Road Safety Lessons from Norway – Introduction

Road safety lessons from Norway?  Are you asking yourself:  “Why Norway?”  If so, the answers — those that are visible to anyone that looks — are a revelation.

A motorhome / RV / camper van on top of one of the bridges on the Atlantic Road, in Norway.
Beautiful, sweeping bridges (two-way traffic) over a series of inlets on the evocatively-named ‘Atlantic Road’, on a stormy day, south west of Trondheim. And as suggested by the RV at the top of this bridge, Norway is a touring paradise.   (Copyright image, 2019.)

After perhaps forty or more years, during which for the most part the UK and Sweden alone vied with each year for being the safest developed countries worldwide in terms of minimizing road deaths, other countries have now started emulating the Brits and the Swedes, and on the most recent figures [2018 report], Norway is currently monarch of the world in this respect…. Good reason to pay great attention to what Norway had been doing to achieve this exalted and thoroughly life-saving result. Sadly, by comparison, the USA performs poorly.

Rural roads have very conservative speed limits. The figure of ’60’ here is kilometres so it is 37mph. (Copyright image.)

Let me make it very clear, though, that this was not any sort of official road safety trip, this was my wife and I having a fabulous ‘bucket list’ vacation.  However, given my background, I was unable not to look at Norway’s methods and technology as we drove by it all on our >2,500-mile (4,000km) road trip, yet even this was hard to do, given the distractingly beautiful scenery, fabulous wildlife and wonderful people we encountered, en-route.

Admittedly, our rental car was not Norwegian, it was Swedish, but that’s right next door and the Scandinavian engineering of our all-wheel-drive Volvo V90 T8R station wagon was superb.

Volvo V90 T8R AWD station wagon / estate car, on the Lofoten Islands, Norway.
Time to get the hiking boots on!
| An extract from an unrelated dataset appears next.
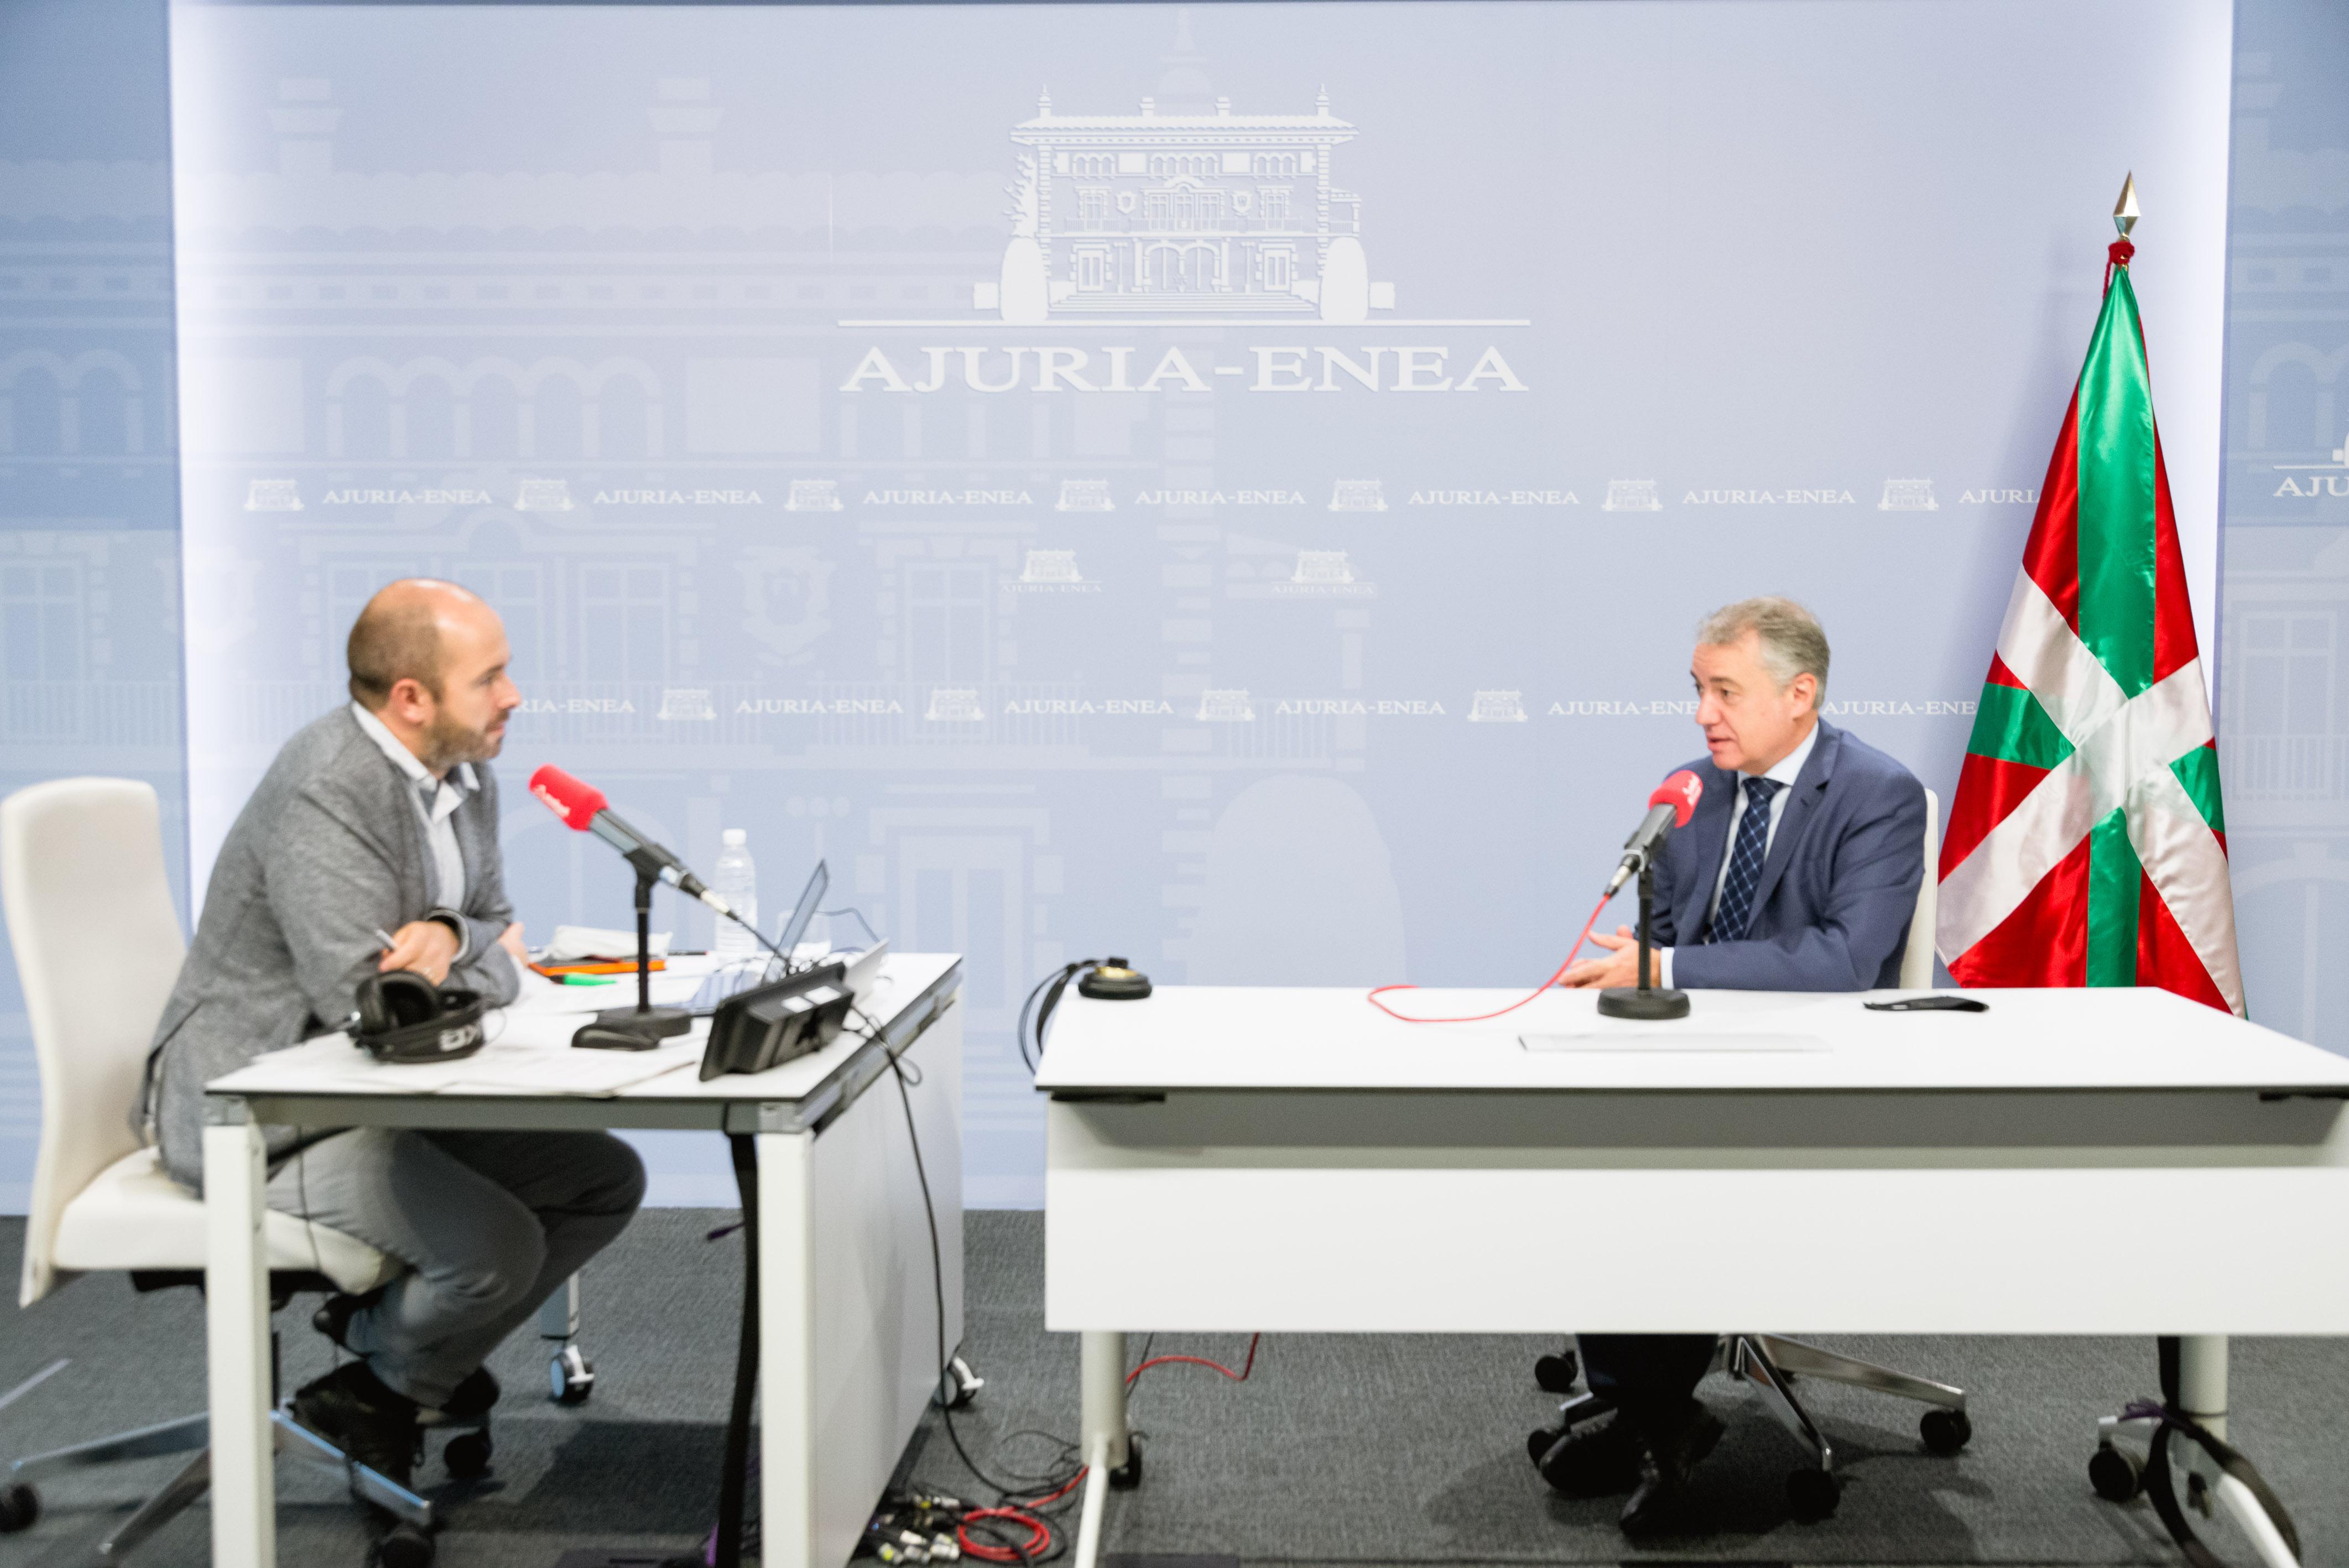 entrevista_radioeuskadi_vitoria_30-9-2020_usual-3060.jpg

A flat slab of rock on the Lofoten Islands provides a parking space for our excellent Viking chariot, an all-wheel drive Volvo V90 T8R. (Copyright image, 2019.)

Make no mistake, Norway is an amazingly long country, north to south, albeit very narrow from west to east.  It’s land boundary, alone, on the east side of the country, is 1,581 miles long, and almost half the length of the country is within the Arctic Circle.  The coastline of this incredibly indented country measures 17,991 miles, but add the islands and this becomes a stunning 62,706 miles.  So our three-week trip was only able to scratch the surface of this beautiful place.

The reason for mentioning the scenery and size of the country, however, is that rural roads are commonly if not always the most dangerous roads in any country in terms of the number and proportion of crash deaths that occur on such each year, and Norway has rural roads in huge abundance, with significant numbers of self-driving tourists to be added to the mix.  Indeed, many of the roads were sufficiently narrow not to even have center-lines, although with care there was enough room for opposing vehicles to get by.

Central guardrail / crash barrier on a rural road -- a Swedish road safety innovation.
This excellent feature for busy rural roads originated in Sweden,   A solid barrier is placed, without a raised median, between opposing traffic.   Often there are two lanes in one direction and one in the other, but this alternates from one side to the other periodically, to permit overtaking.   The result?   No deadly head-on collisions… a major safety improvement.   (Copyright image, 2019.)

It is planned that the following, relevant Norwegian safety issues, wherever linked (hopefully soon!), will be the subject of separate posts in order to keep the length of each post reasonable:

  • Road markings were sometimes mediocre but road signs were good;
  • Speed limits were very modest and speeding appeared rare;
  • We witnessed no aggressive driving or road rage;
  • Cyclists, scooterists and even skateboarders were not only common but placidly tolerated on city roads;
  • The blood-alcohol [BAC] limit, as in Sweden, is 0.02 percent (but only to allow for medications) and this is emphatically not a place to drink and drive at all!

However, from everything I saw during an actively observant, three-week trip, it became my opinion that the key feature in Norway’s excellent road safety achievements is quite possibly the attitude of road users — in other words, the national road safety culture.

Am I correct?  I cannot say for sure.  Of course there inevitably will be unsafe behaviour from some individuals at times, no country is a driving utopia, but to a much greater extent than usual, people’s actions appeared calm and purposefully safe.  And that was so nice to see.